Return the lines below exactly, please, from the one containing "5 Christmas Gift Ideas from INTERSPAR" through the last one, both included, and leave out any pictures.

### Information shown
════
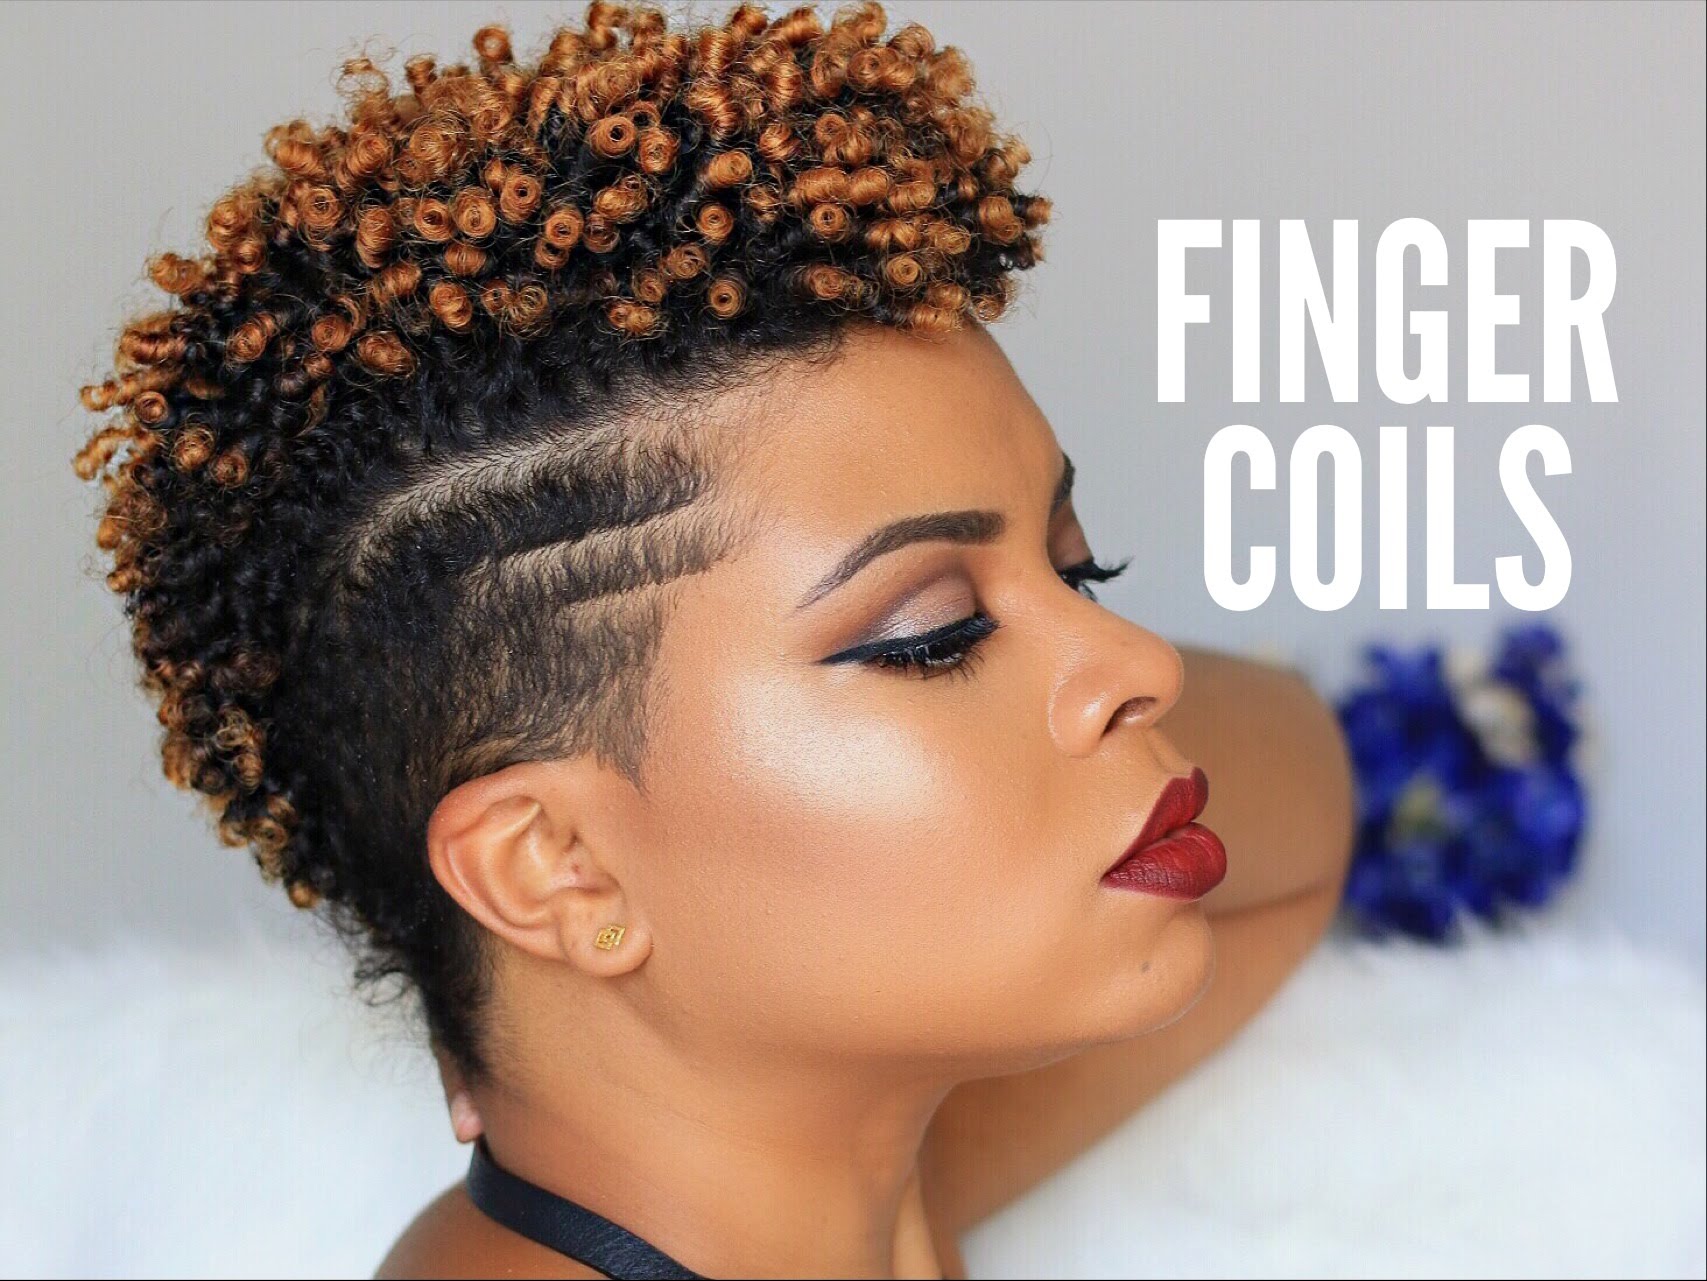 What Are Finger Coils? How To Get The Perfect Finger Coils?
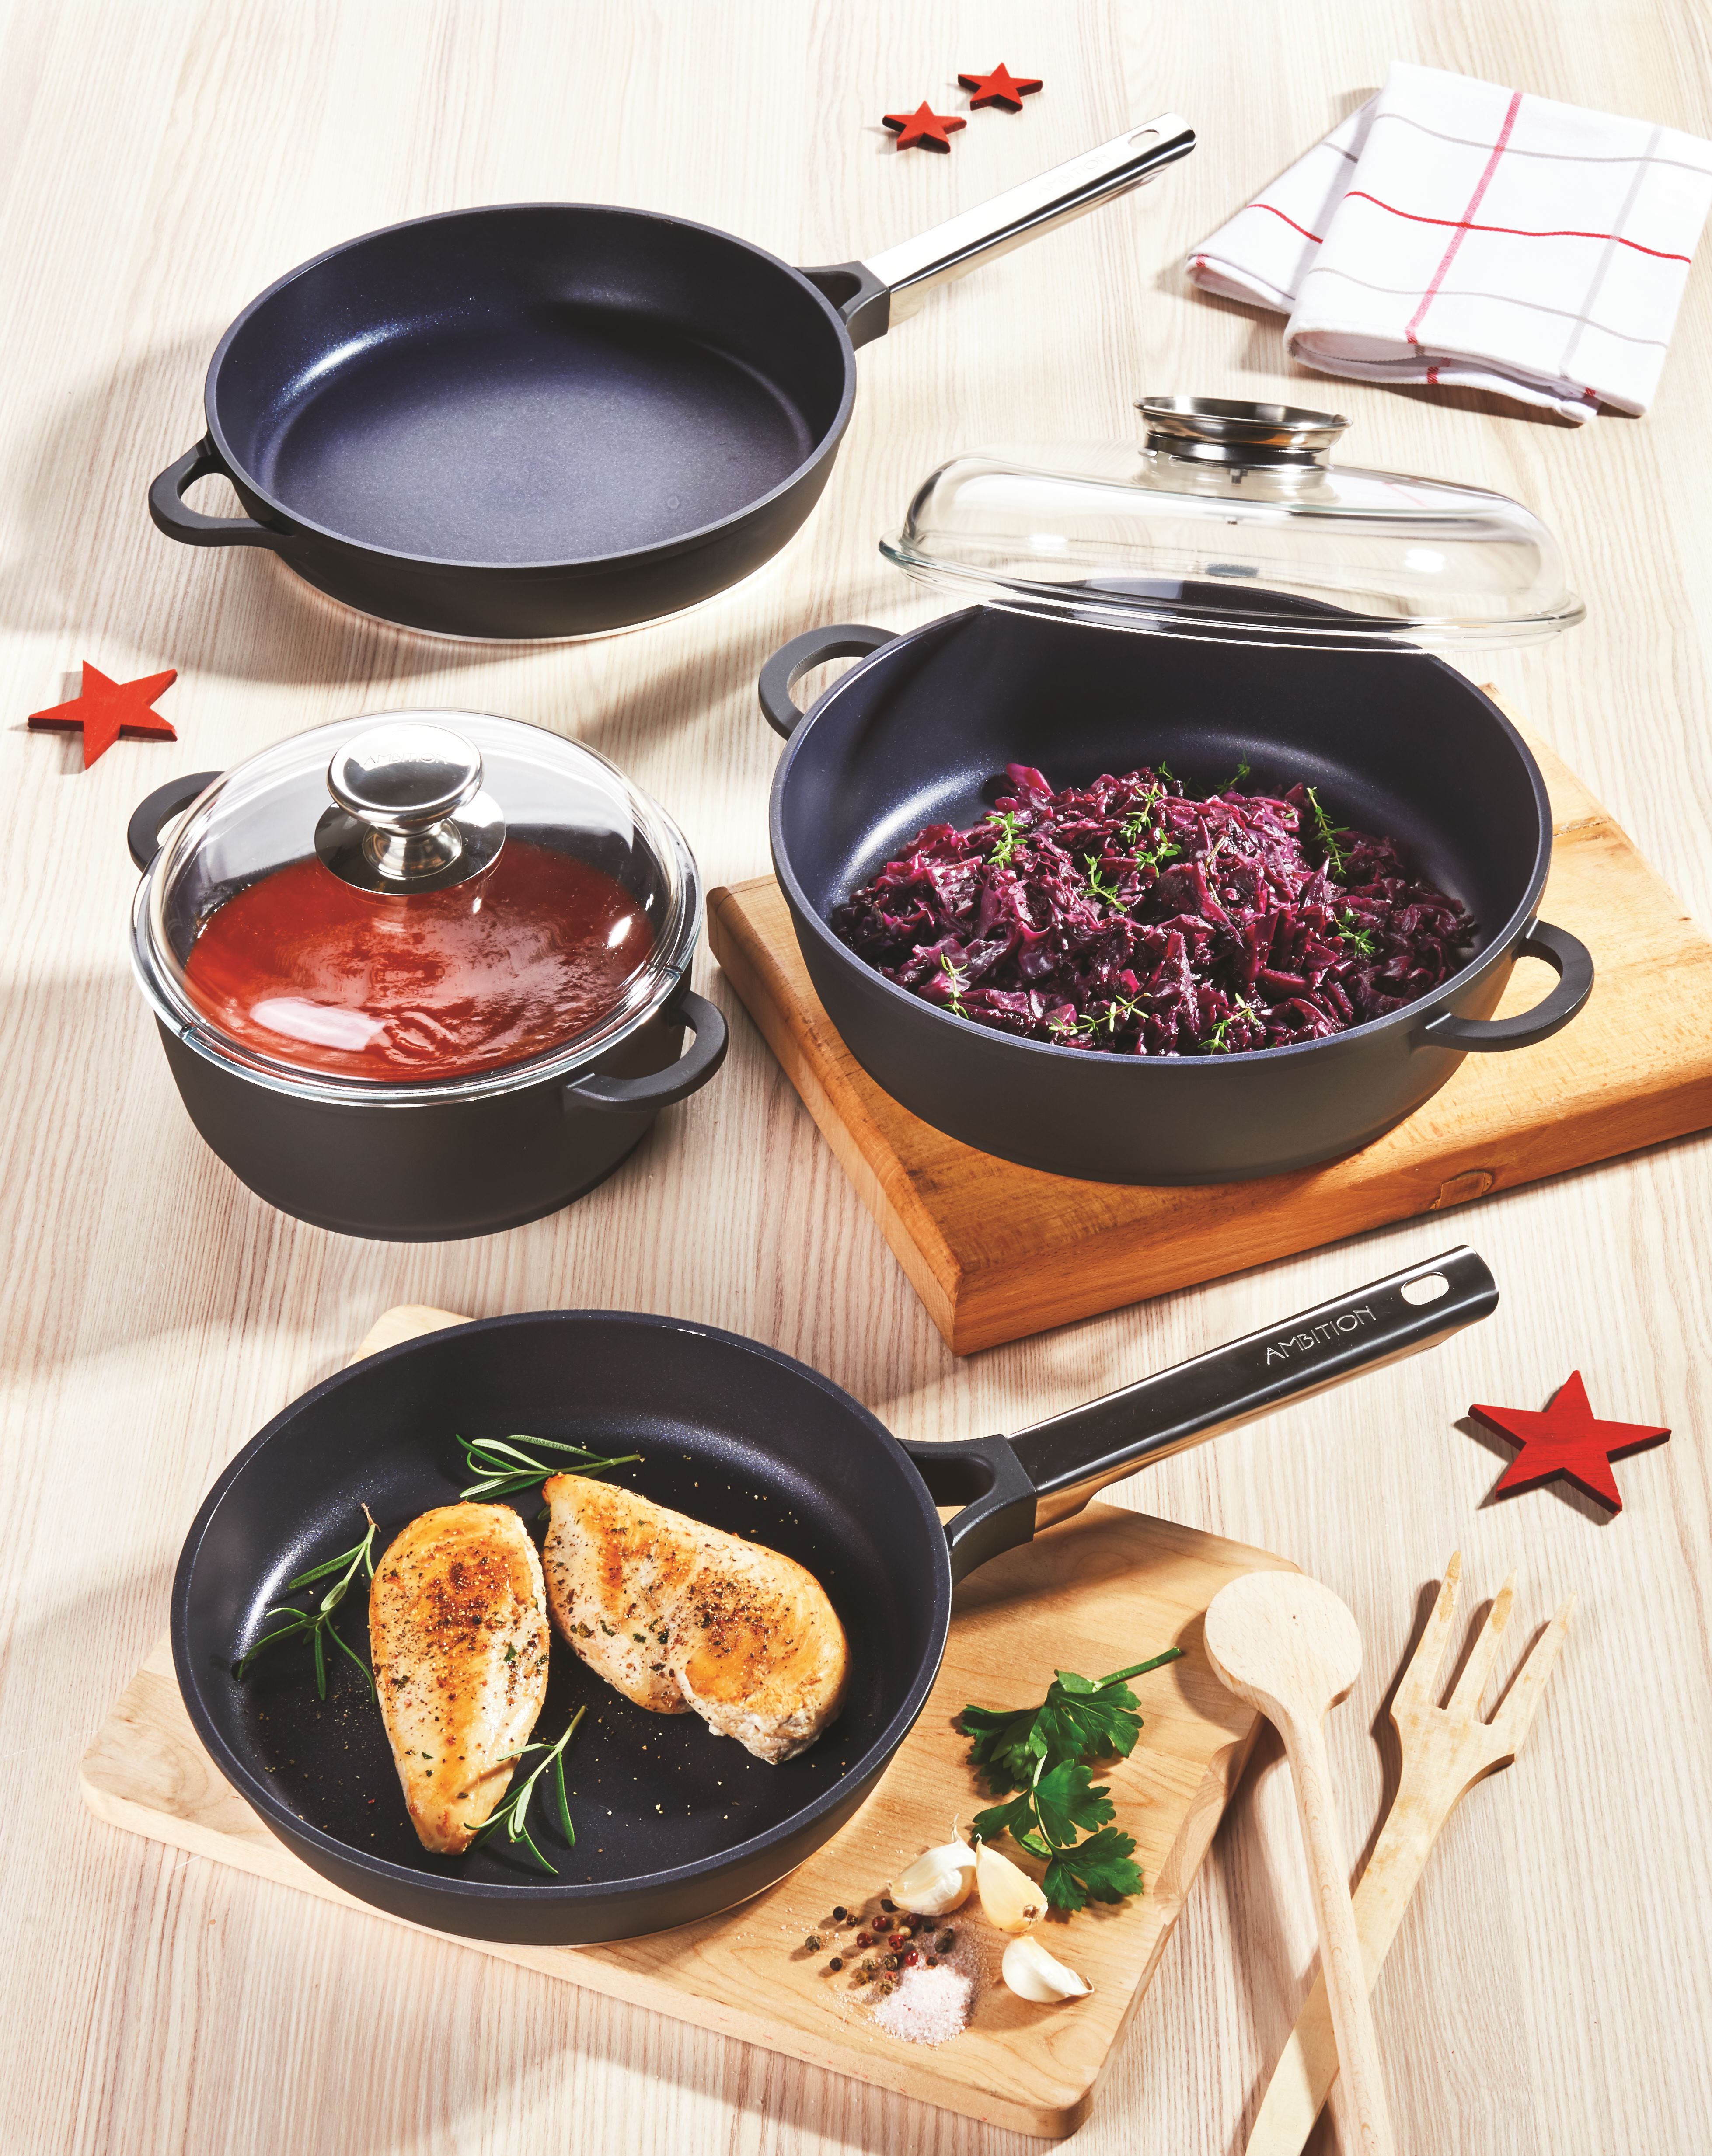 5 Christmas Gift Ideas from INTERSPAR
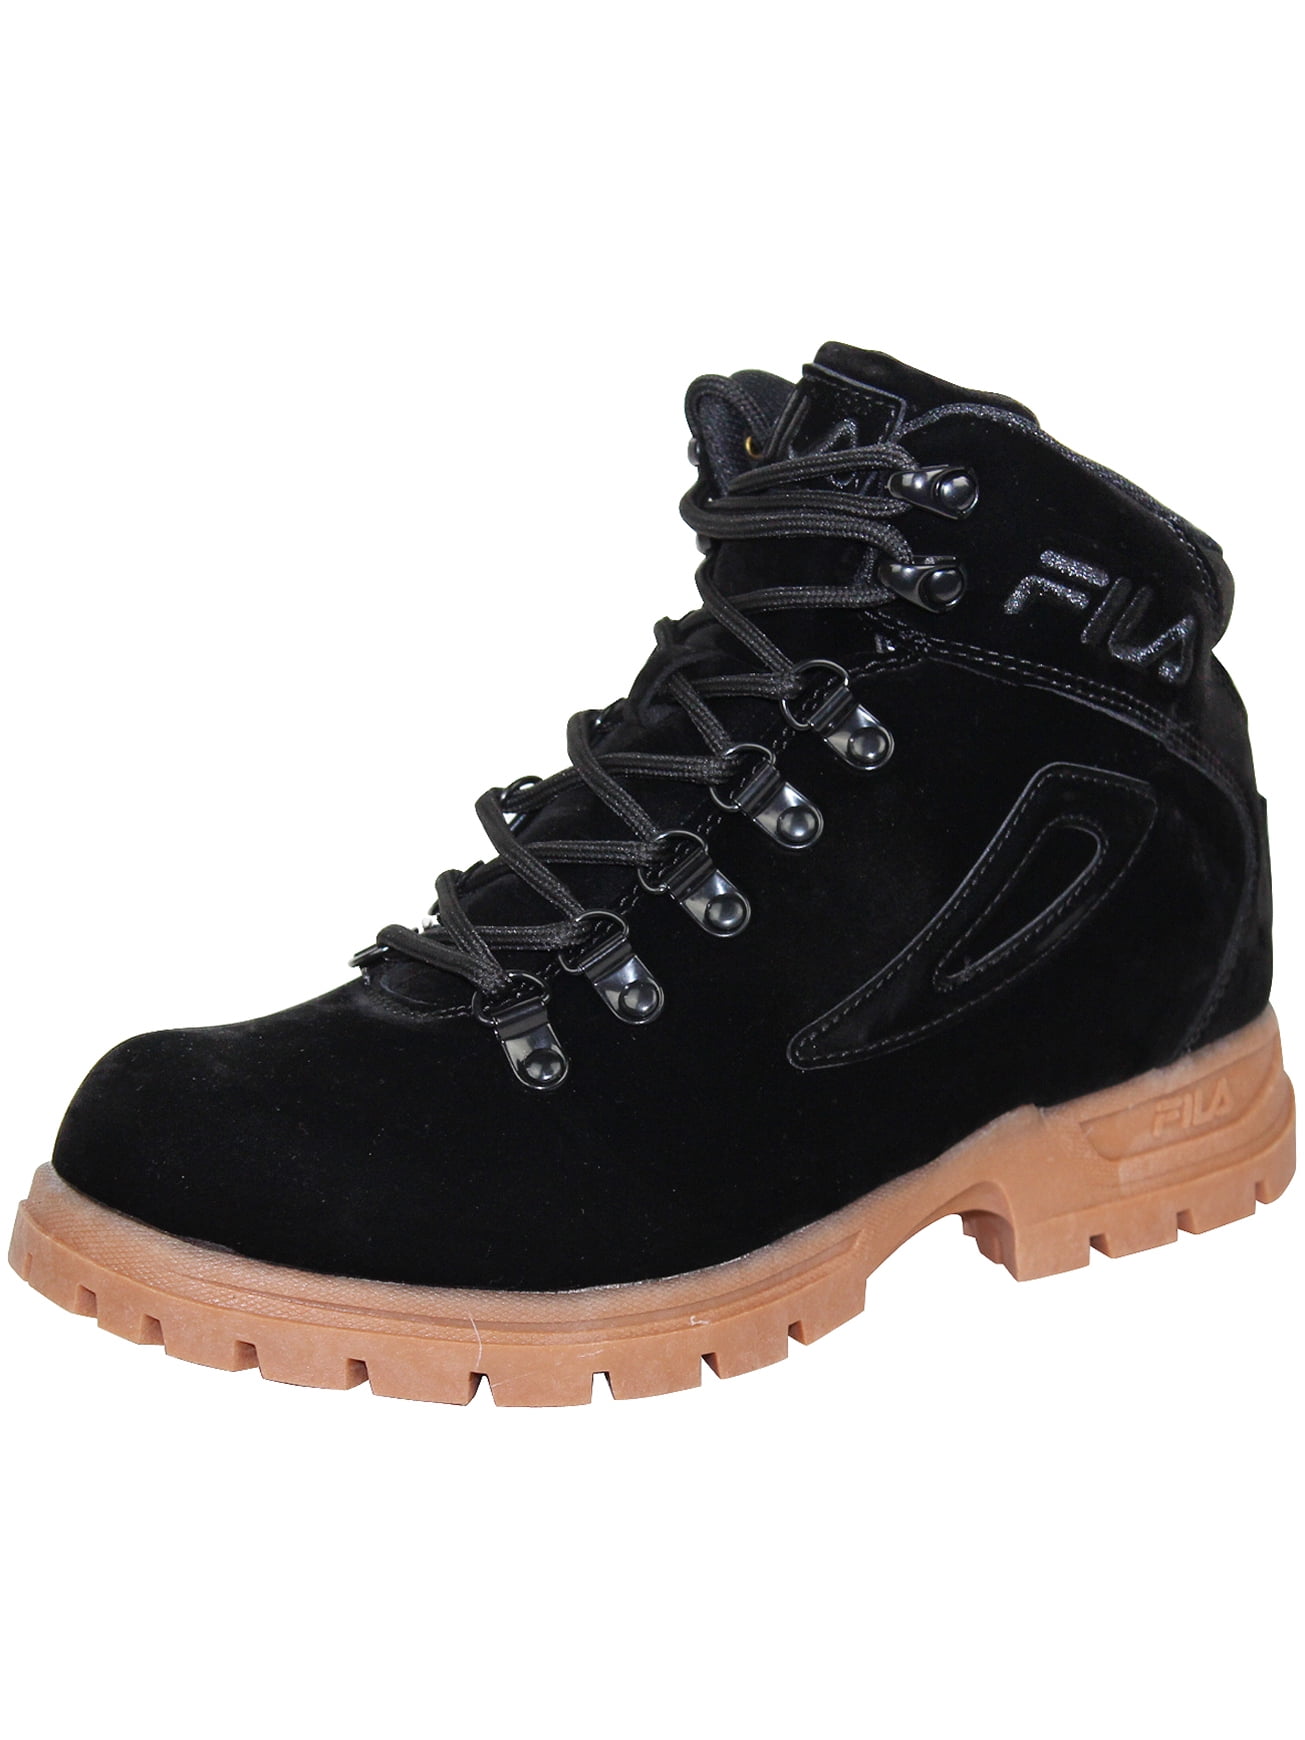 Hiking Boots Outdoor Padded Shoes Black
════
### Result of the exercise
 5 Christmas Gift Ideas from INTERSPAR
 Hiking Boots Outdoor Padded Shoes Black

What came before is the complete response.